MRI of the cervical spine and spinal cord 09/14/11 - osteochondrosis of the cervical spine with protrusions of the C4C5, C5C6, C6C7 discs. Spondylosis deformans, spondyloarthrosis. No additional formations or foci of pathologically altered MR signal were identified in the spinal cord and extramedullary spaces.

Duplex scanning of the main arteries of the head - the lumen of the CCA, the ICA is clean, no intraluminal formations were detected, differentiation of the arterial wall into layers is preserved, IMT is 1.1 mm, moderate hemodynamically insignificant S-shaped tortuosity of the ICA on both sides.

ECG - sinus rhythm, vertical position of the EOS, heart rate 78 per minute.

Urologist - neurogenic bladder.

The MMSE scale and the clock drawing test were used to assess the degree of cognitive impairment. The results obtained were 28 and 10 points, respectively.

Differential diagnosis was carried out between Parkinson's disease, parkinsonism "plus", progressive supranuclear palsy, corticobasal degeneration, normal pressure hydrocephalus, secondary dysmetabolic encephalopathies, and multiple system atrophy.

Based on the clinical picture, the nature of the course of the disease, data from additional studies, and the above diagnostic criteria, we came to the conclusion that the patient has multisystem brain atrophy with severe akinetic-rigid and ataxic syndrome, reflex-pyramidal insufficiency in the limbs, autonomic failure (pandysautonomia), and severe impairments of movement and self-care.

Received treatment: Levocom 600 mg/day in 3 doses, neomidantan 100 mg orally 2 times a day, Cortexin 2.0 IM, Cytoflavin 10.0 IV drip at 200.0 physiological solution No. 7, then orally 1 tablet 2 times a day inject bellataminal 1 tablet 3 times a day, kudesan Q10 10 drops 2 times a day with meals, Semax 0.1% solution 2 drops into each nasal passage 2 times a day.

Background: multisystem atrophy is a sporadic progressive neurodegenerative disease affecting the basal ganglia, brain stem, cerebellum, and spinal cord, manifested by parkinsonism, cerebellar ataxia, autonomic failure, and pyramidal syndrome in various combinations. Multiple system atrophy is an independent nosological form, which is one of the variants of multisystem degenerations.

Depending on the predominance of certain syndromes, there are 3 main clinical types of MSA:

1) striatonigral degeneration (striatonigral type), characterized by a predominance of parkinsonian symptoms in the clinical picture;

2) olivopontocerebellar atrophy (olivopontocerebellar type), characterized by the predominance of cerebellar ataxia in the clinical picture;

3) Shy-Drager syndrome, characterized by the dominance in the clinical picture of symptoms of progressive autonomic failure, primarily orthostatic hypotension.

Diagnosis criteria for multiple system atrophy (Gilman et al., 1998)

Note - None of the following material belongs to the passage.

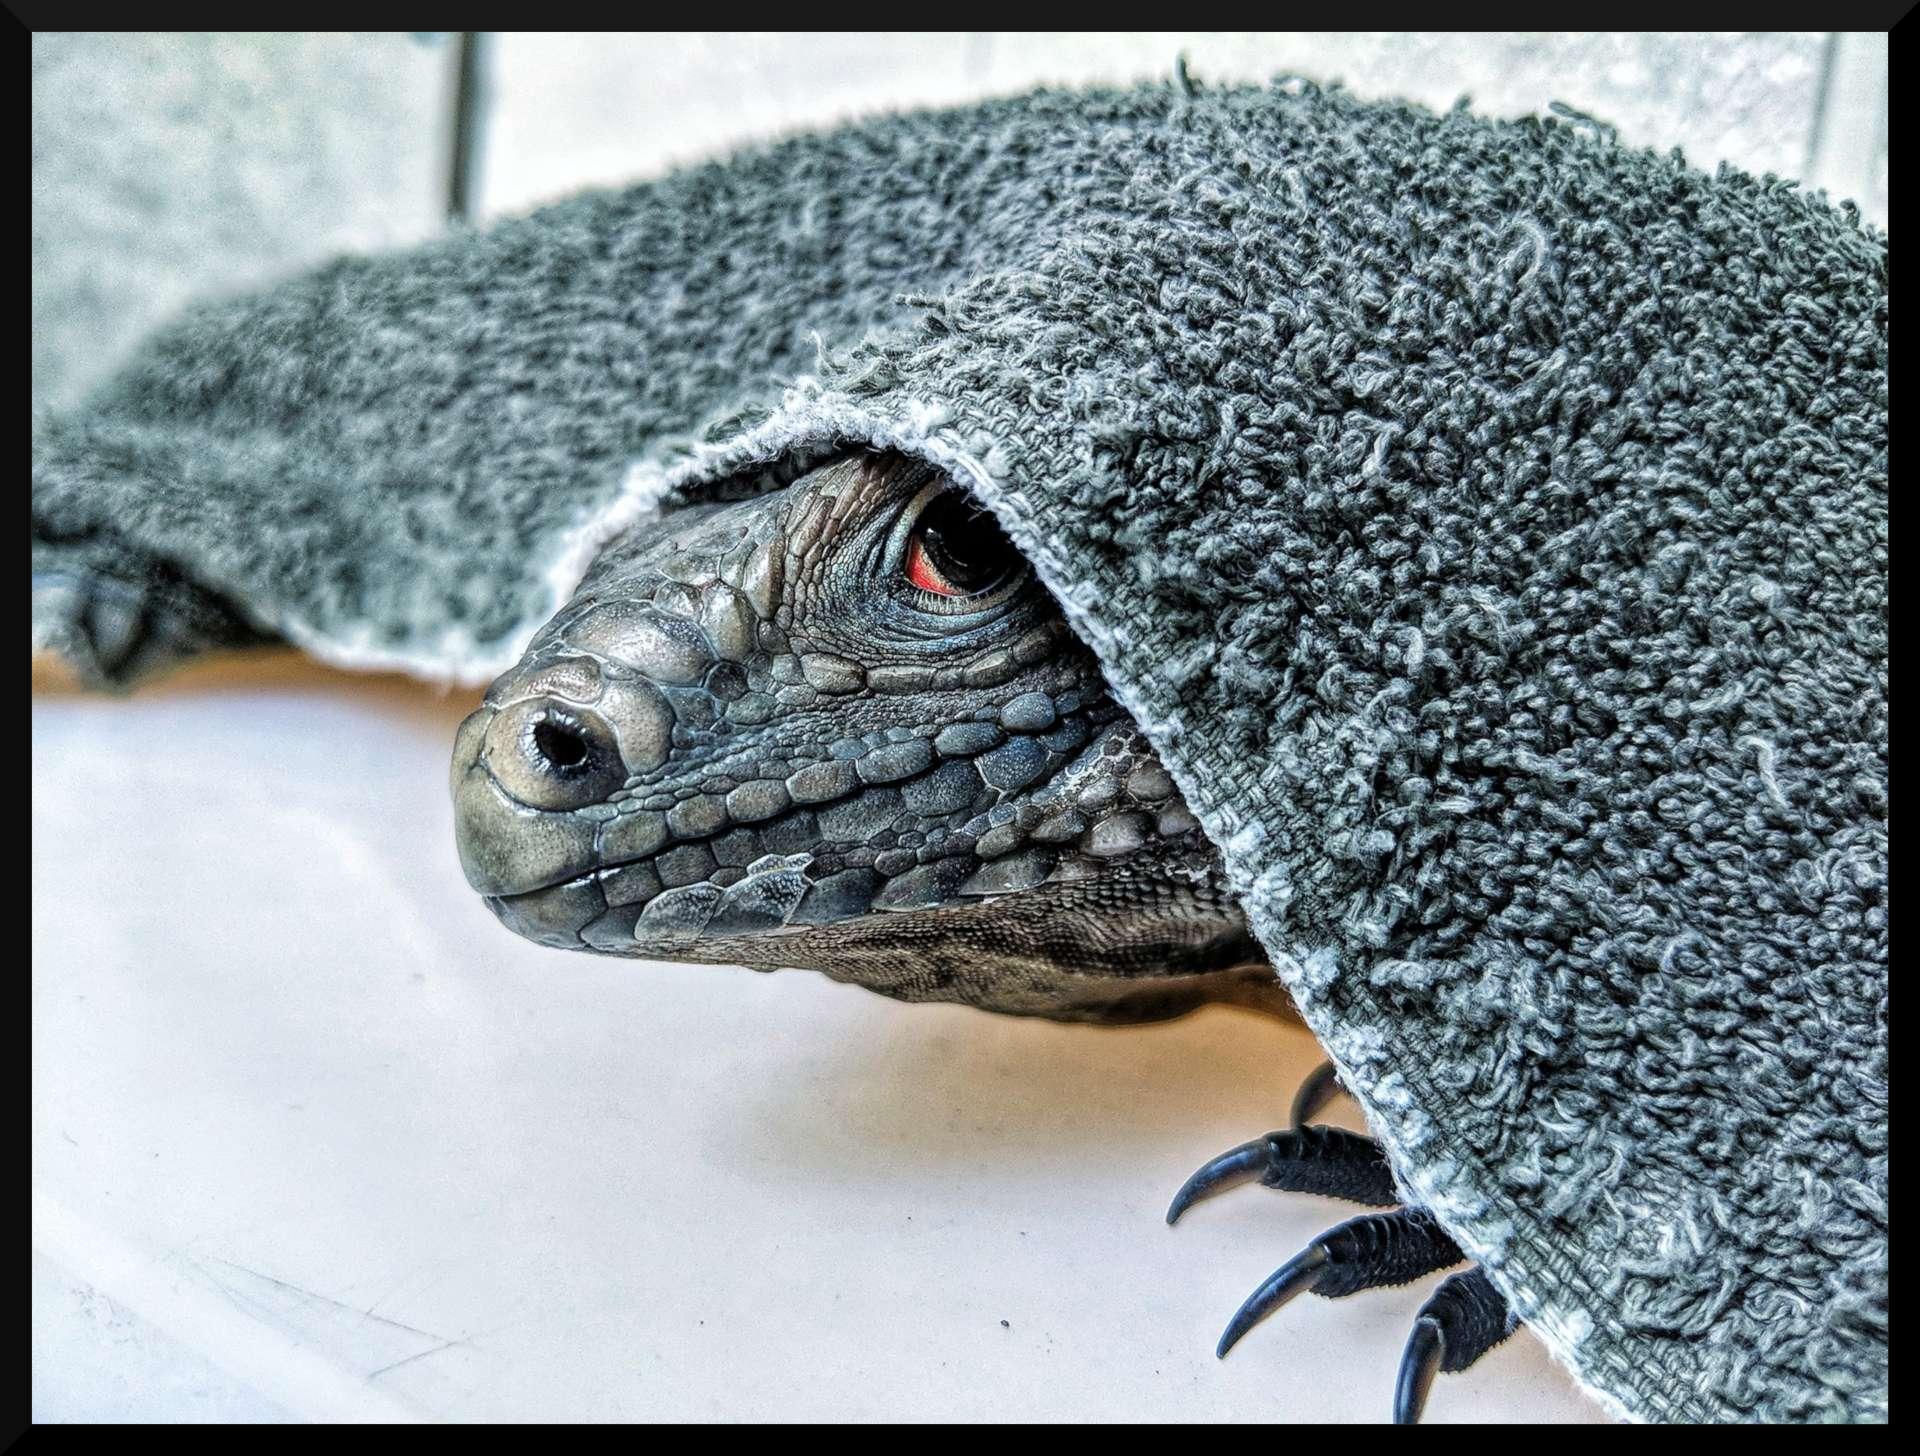 lewisi hybrid iguana face sticking out from under dark blue towel, white flooring

Clinical manifestations (characteristic of the disease):

Autonomic/pelvic dysfunction (orthostatic hypotension with a decrease in systolic pressure by at least 20 mm Hg or diastolic pressure by at least 10 mm Hg within 3 minutes of standing; urinary incontinence and incomplete emptying of the bladder).

Parkinsonism (hypokinesia; rigidity; postural instability not associated with primary impairment of vision, proprioception, vestibular or cerebellar functions; resting tremor and/or postural tremor).

Cerebellar ataxia (statolocomotor ataxia with an increase in the area of ​​support, uneven steps in length and direction; scanned speech; incoordination of the limbs; nystagmus).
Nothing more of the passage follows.